We use the same algorithm for gradient descent in logistic regression that we used for gradient descent in linear regression:

$$\theta_j := \theta_j - \alpha \frac{\partial}{\partial\theta_j} J(\theta)$$

After working out the partial derivative we get:

$$\theta_j := \theta_j - \alpha \frac{1}{m} \sum_{i=0}^{m-1} (h_\theta(x^i) - y^i) * x_j^i$$

Remember that we use gradient descent to minimize our cost function, and gradient descent will be repeated until convergence.

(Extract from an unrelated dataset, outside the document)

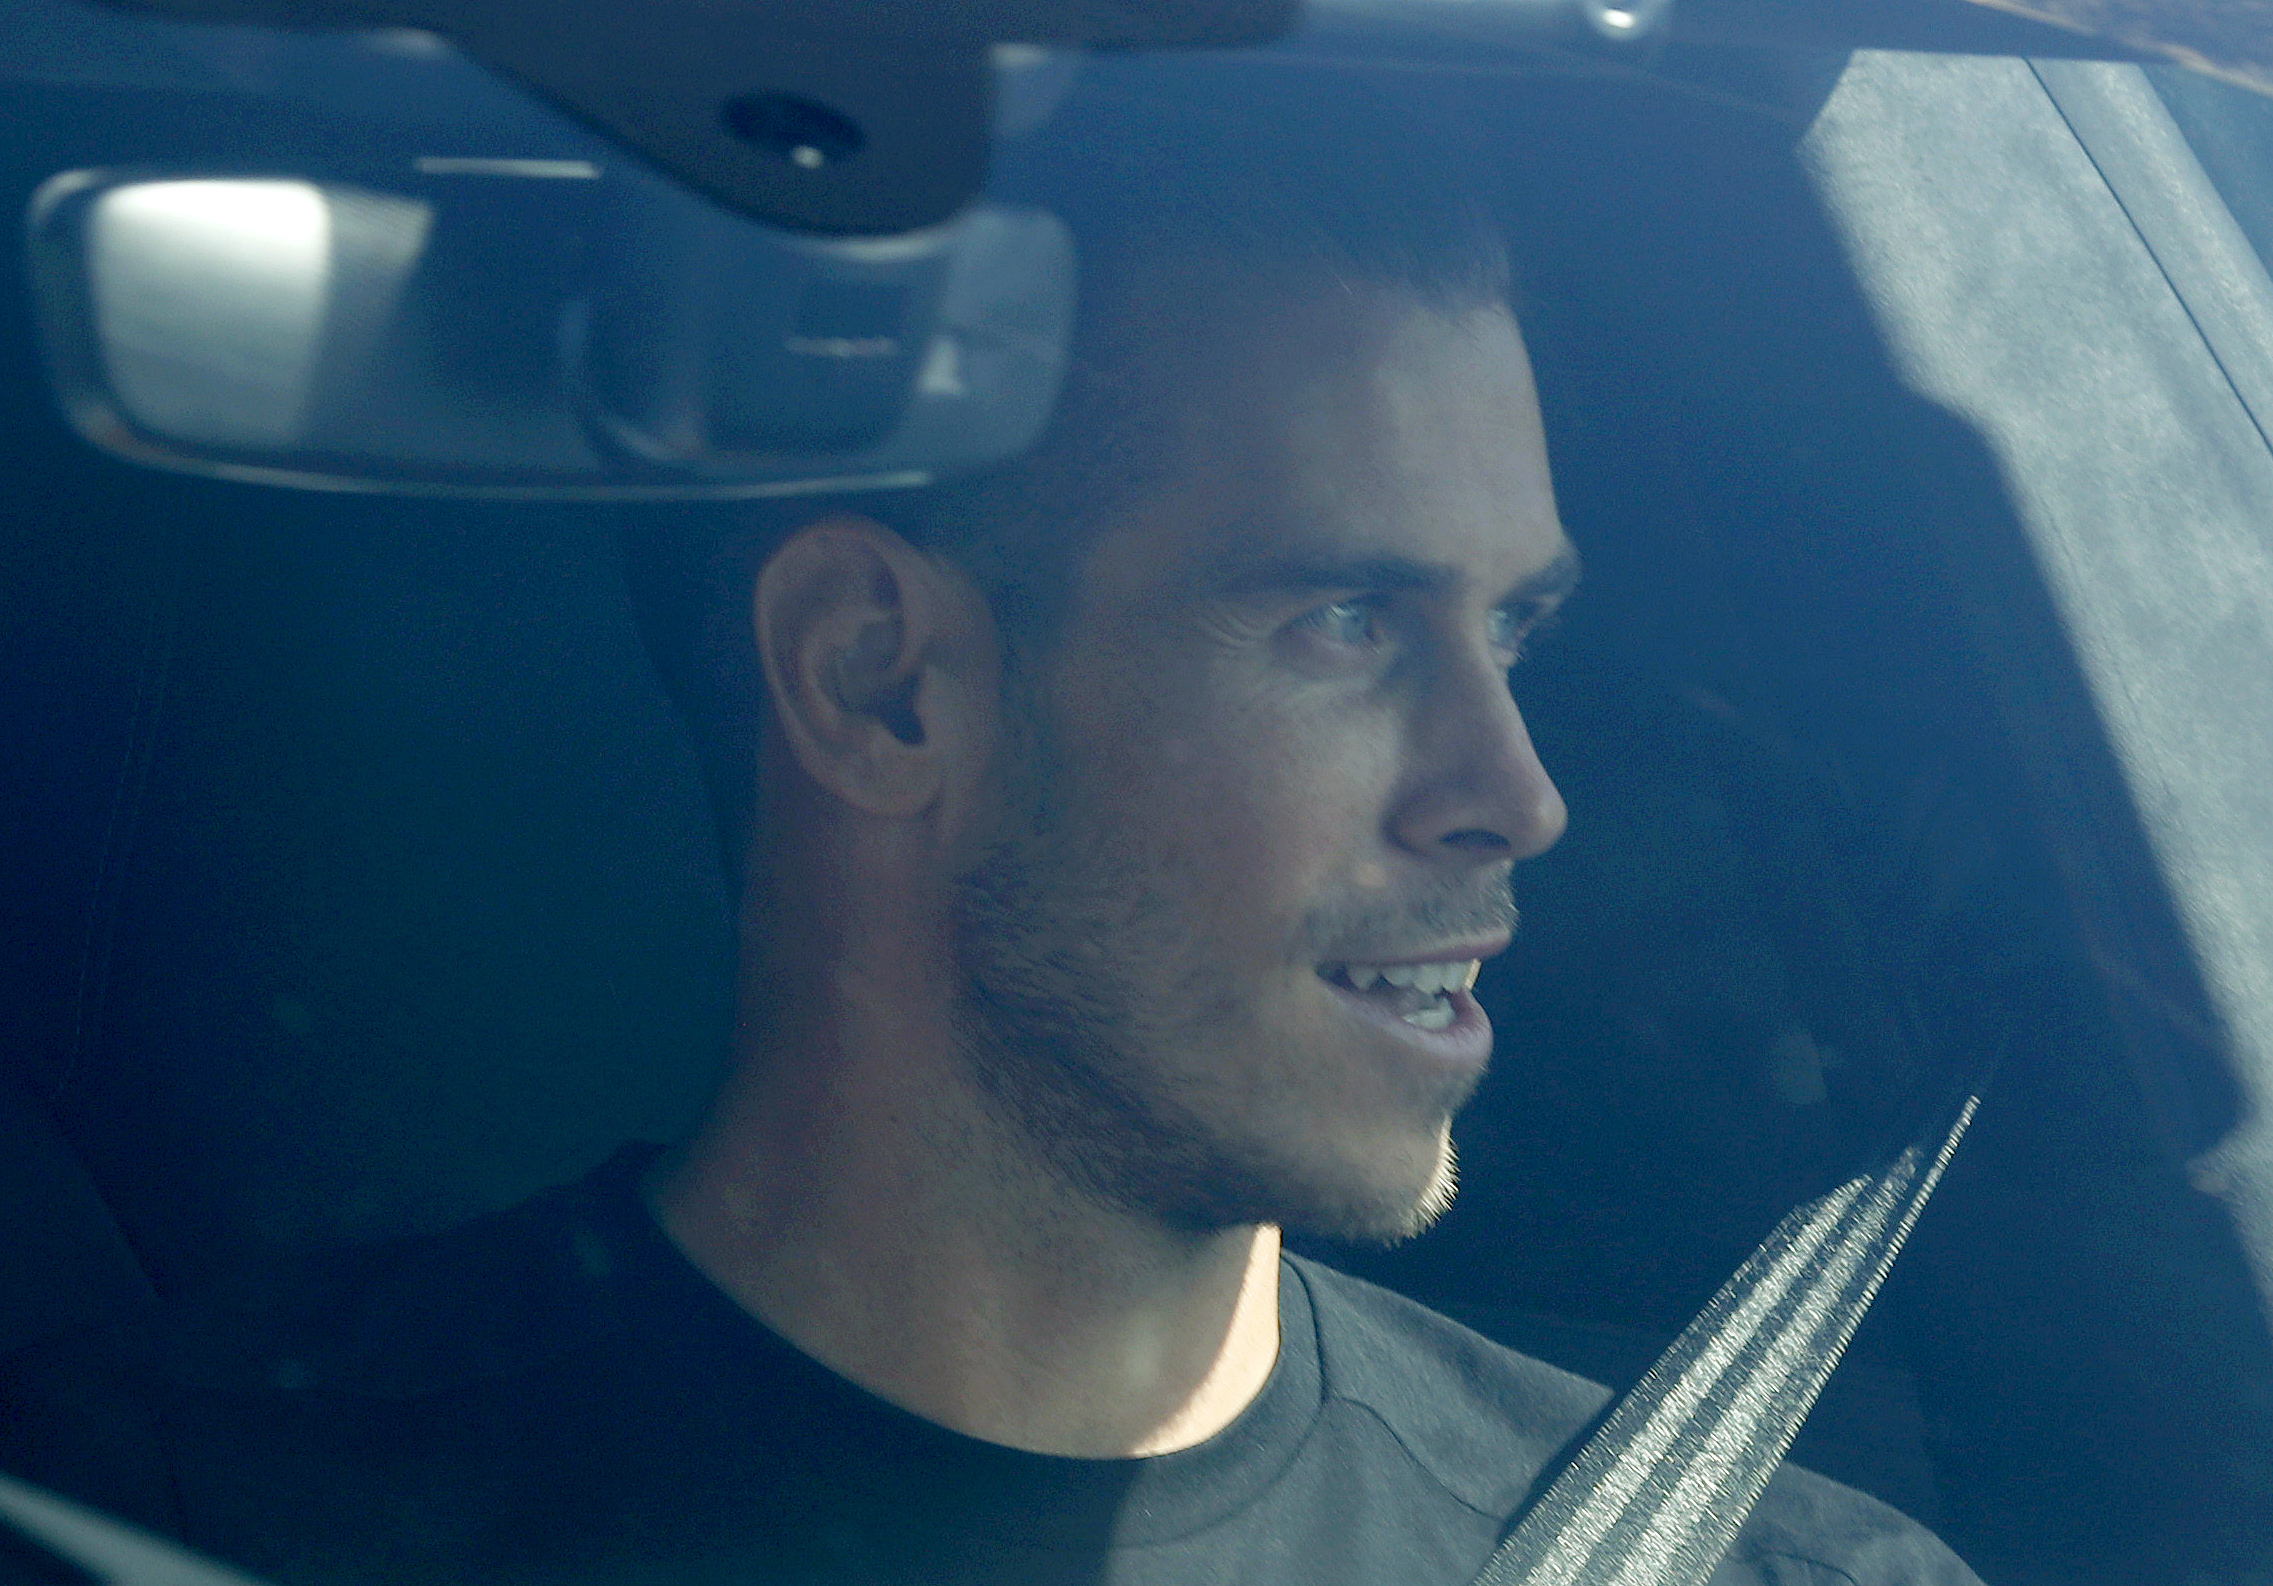 Gareth Bale arrived at the training ground on Friday

The $\theta$ vector that we used to get our decison boundary in the example from earlier is:

$$\theta = [-41.28\;\;\;\;0.46\;\;\;\;0.34]$$

These values were obtained using gradient descent, and when we plug them into our cost function we get:

$$J([-41.28\;\;\;\;0.46\;\;\;\;0.34]) = 0.000037$$

This is the minimum value that we can get from our cost function.

Predictions

We can use our model to make predictions about future test scores. If we want to estimate whether or not test scores of 60 and 75 will be good enough to get the job, we just provide the following x vector to our model:

$$x = [1\;\;\;\;60\;\;\;\;75]$$

When we perform the computation we get:

$$h_\theta([1\;\;\;\;60\;\;\;\;75]) = 0.99$$

which means there’s a 99% probability that the person would get the job.

Conclusion

I hope this tutorial was able to provide you with some insight on the math used in Logistic Regression. Thanks for checking it out!